Tweaks included in HB 2005 ultimately softened some of that opposition.
“As with any compromise, everyone’s a little bit unhappy,” said Channa Newell, an attorney who represented the Oregon Judicial Department in negotiations. ”We support this package because it’s our best effort at making a meaningful change right now. It’s something that we can do today.”
But prosecutors said they couldn’t back the timelines, saying the bill risks releasing people from state care without ensuring their condition has improved.
FILE: House Republican Leader Christine Drazan, right, speaks during a memorial service for Peter Courtney held in the Oregon State Capitol, Salem, Ore., Jan. 29, 2025.
Anna Lueck for OPB
“Oregon should do more through legislation than simply trying to protect itself from continued contempt findings and federal court involvement,” Washington County District Attorney Kevin Barton testified earlier this month.
That concern was shared by some House Republicans on Wednesday.
“While I understand the timelines have a two year sunset, I’m not sure I can tell my constituents that this two year trial run will make anyone safer,” said House Minority Leader Christine Drazan, R-Canby.
The civil commitment provisions and hospital timelines originally moved forward this session as separate bills. Kropf said he put them together into one “omnibus” package because the issues are interrelated.
“This bill and the other work we do represents progress, but not necessarily perfection,” he said on the House floor Wednesday.

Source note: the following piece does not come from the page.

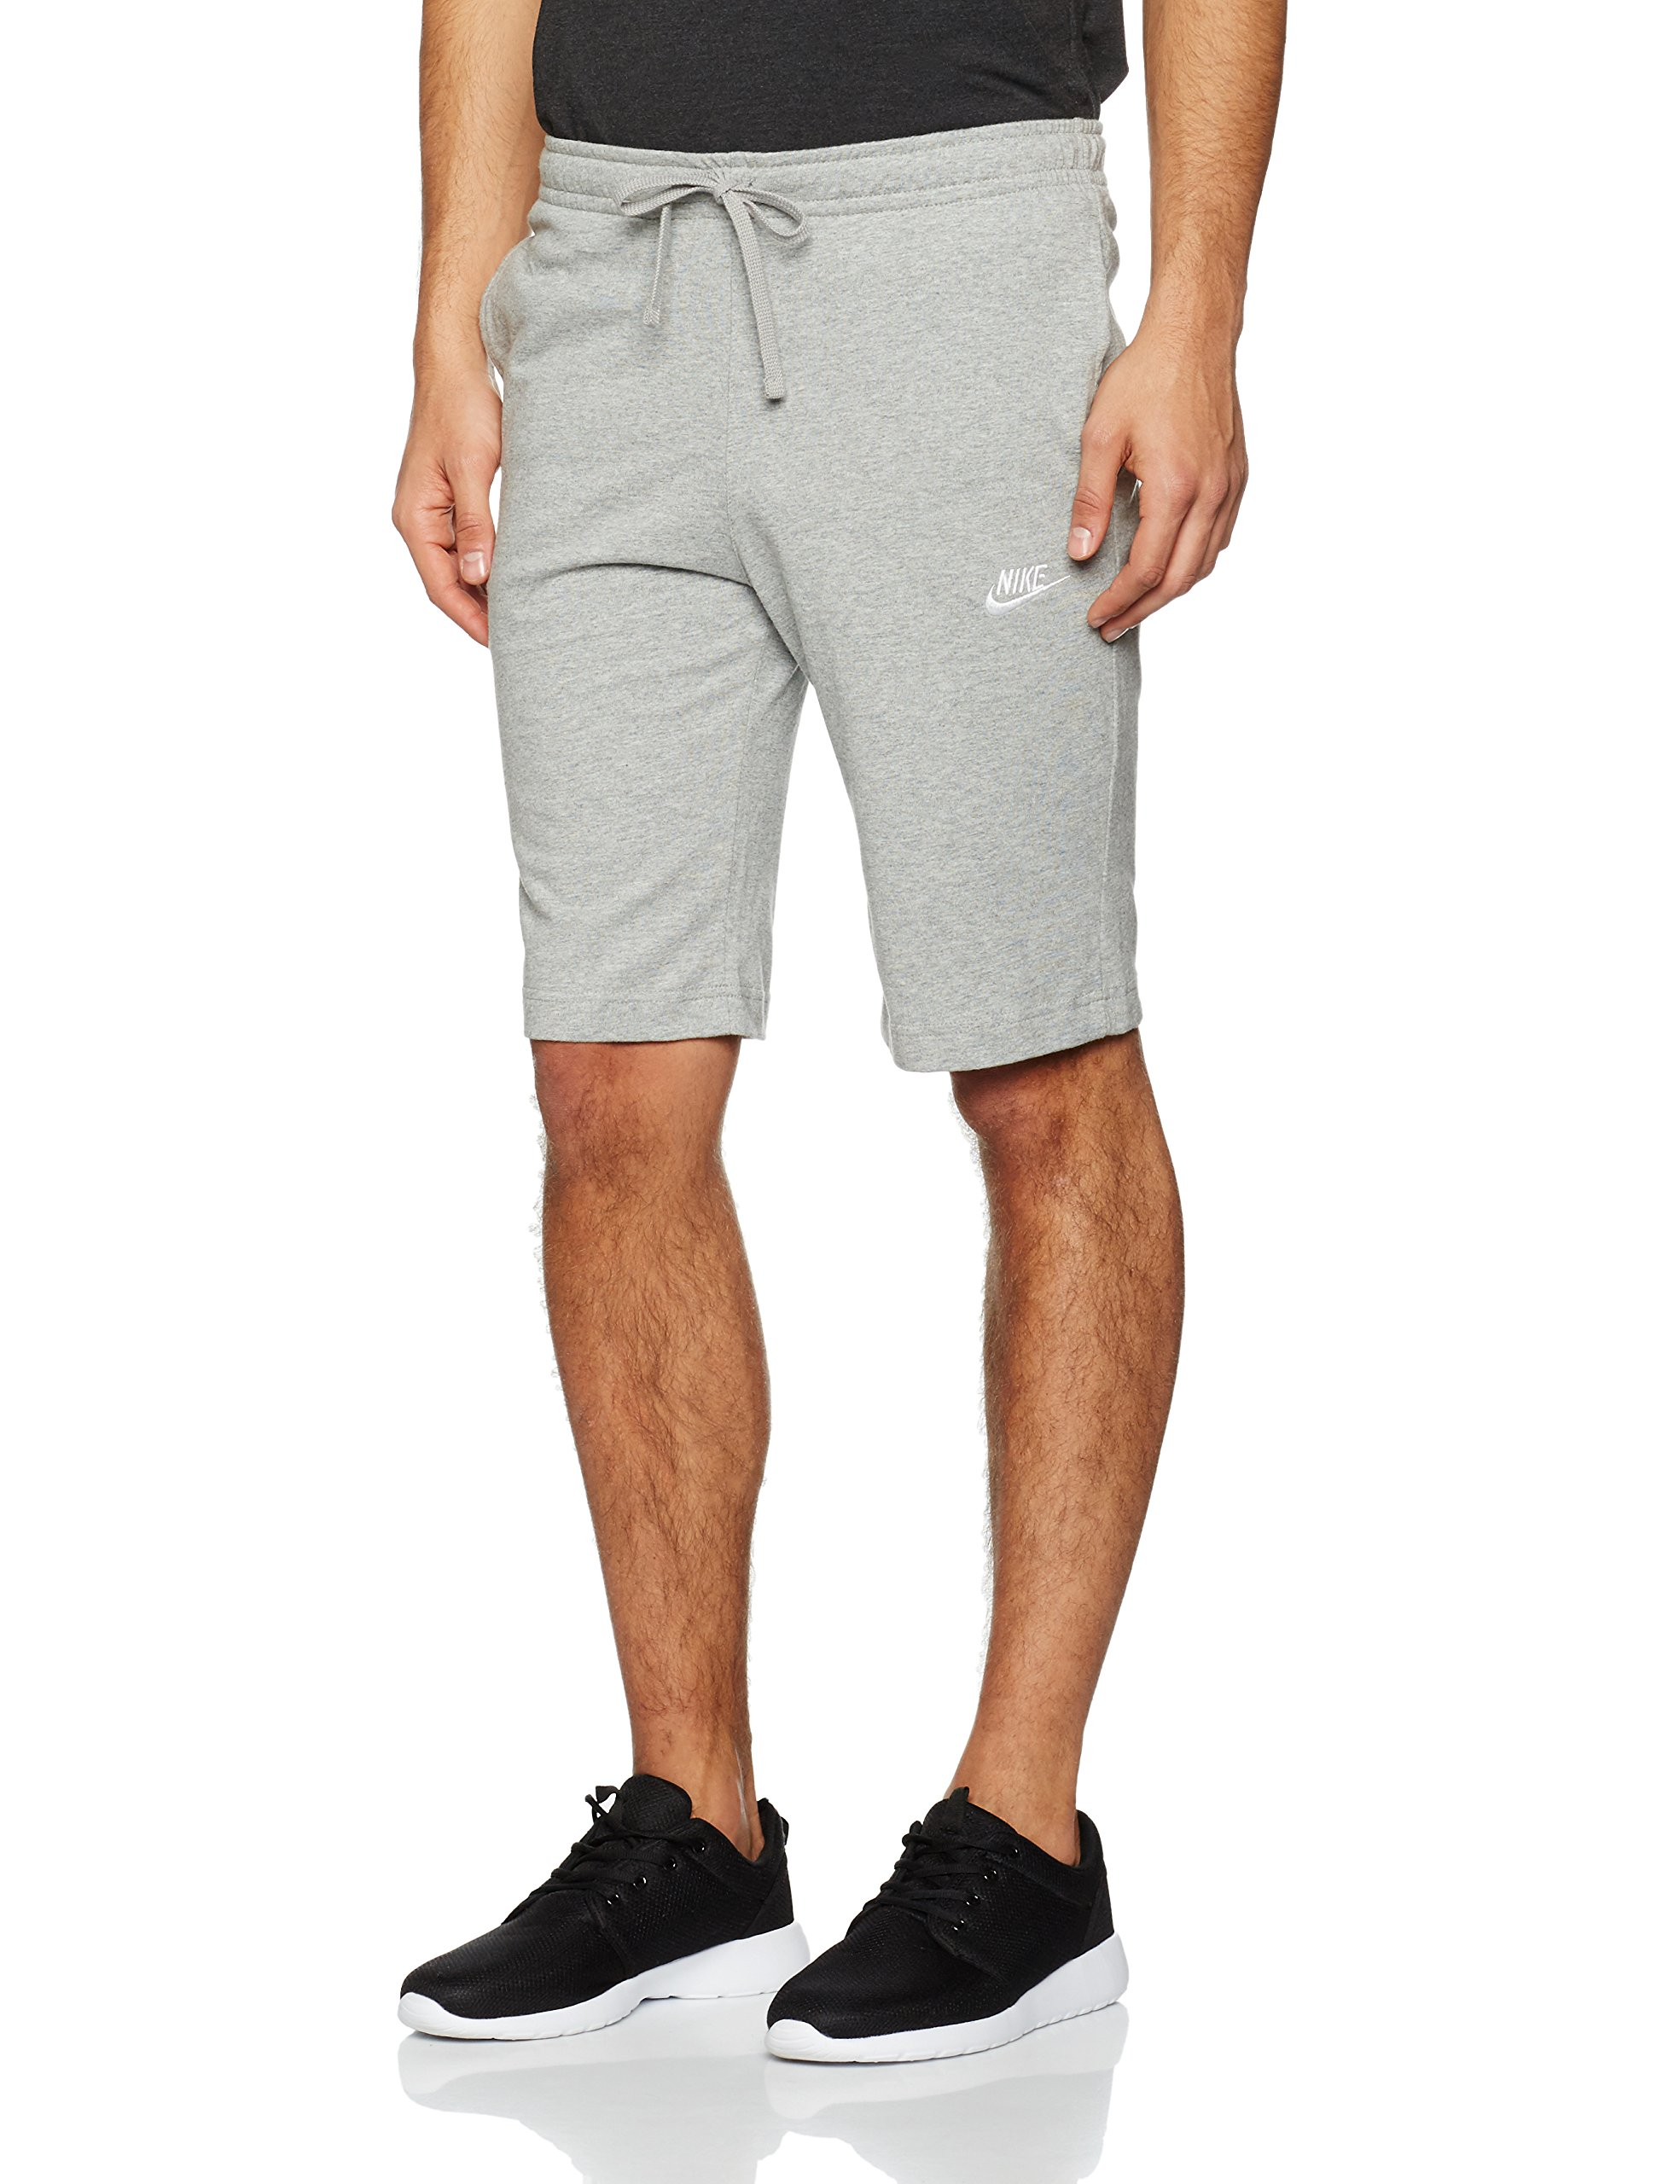 NIKE Sportswear Men's Jersey Club Shorts, Dark Grey Heather/White, Medium

The bill also takes other steps. It orders up a task force to study how commitments by tribal courts can connect with the state’s civil commitment system. And it limits cities’ ability to block the creation of new residential treatment facilities.

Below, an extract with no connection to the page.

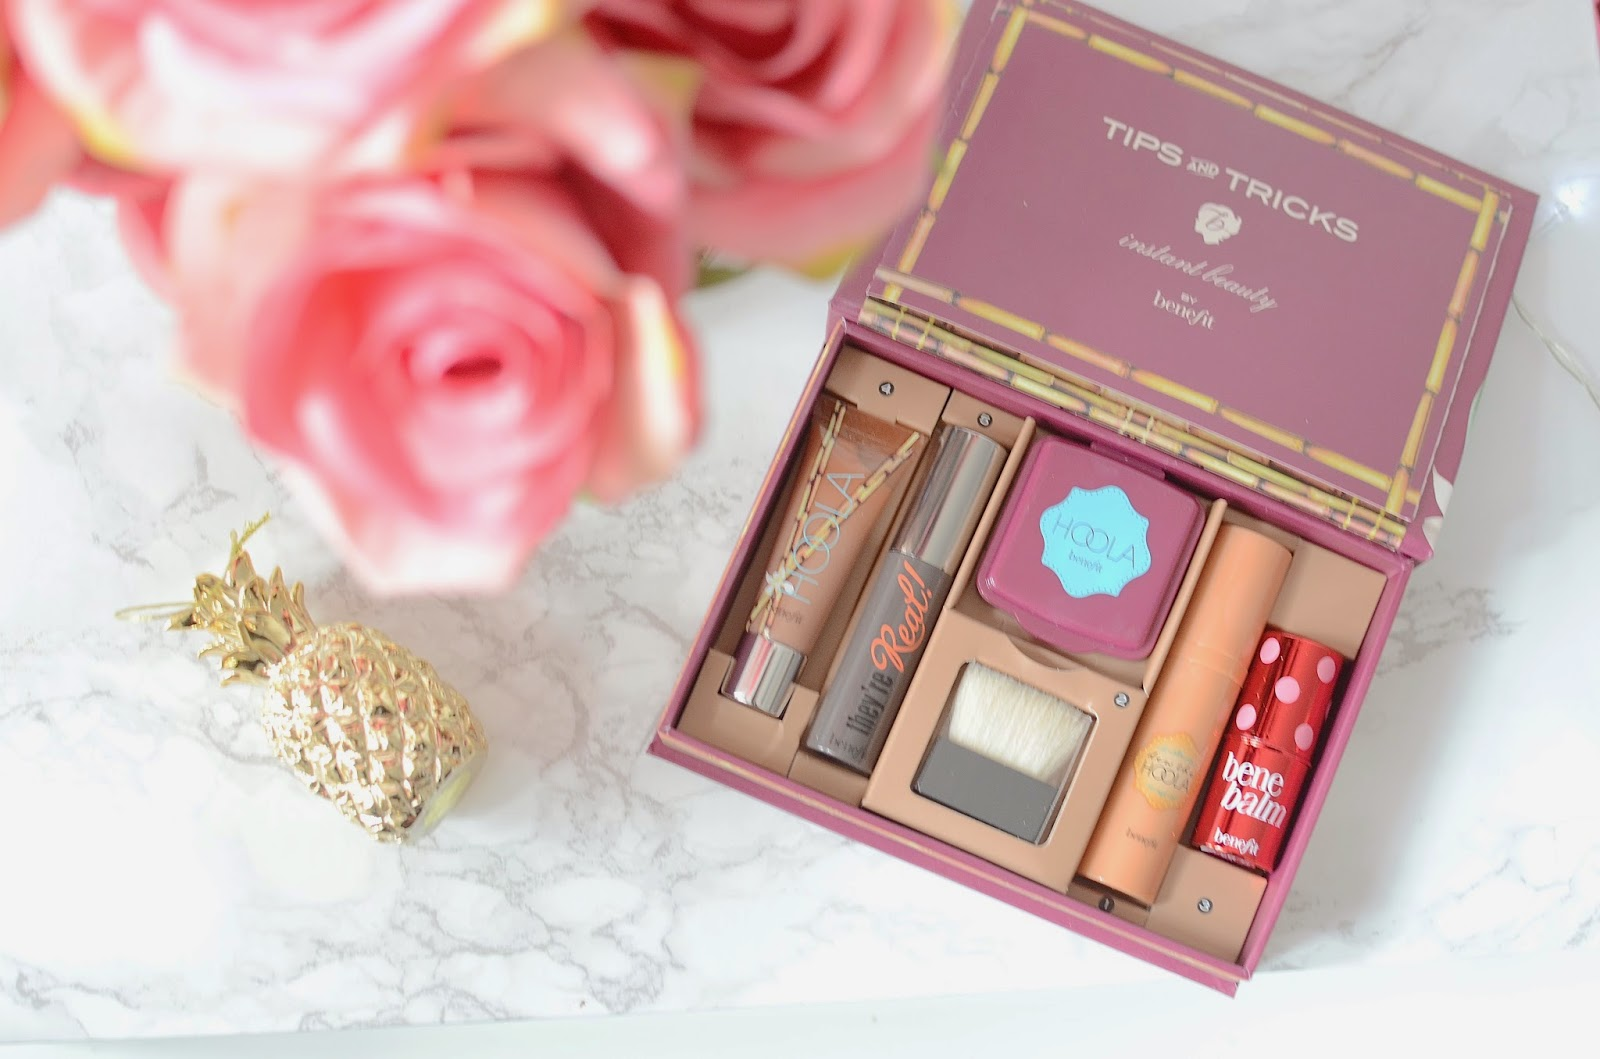 benefit, benefit cosmetics, benefit do the hoola kit, benefit hoola, make up, beauty, bronzer, bronze, summer kit

But the mishmash of policies hasn’t pleased some. Marion County Commissioner Danielle Bethell told lawmakers last during a hearing last week that she supports civil commitment changes, but opposes other pieces of the bill.
“The fact that we’re trying to smash these two things together because we have a federal court order over our heads seems asinine to me at best,” Bethell said.
The bill now heads to the Senate.
Correction: This story originally misstated how much money House Bill 2059 dedicated to building residential treatment facilities. OPB regrets the error.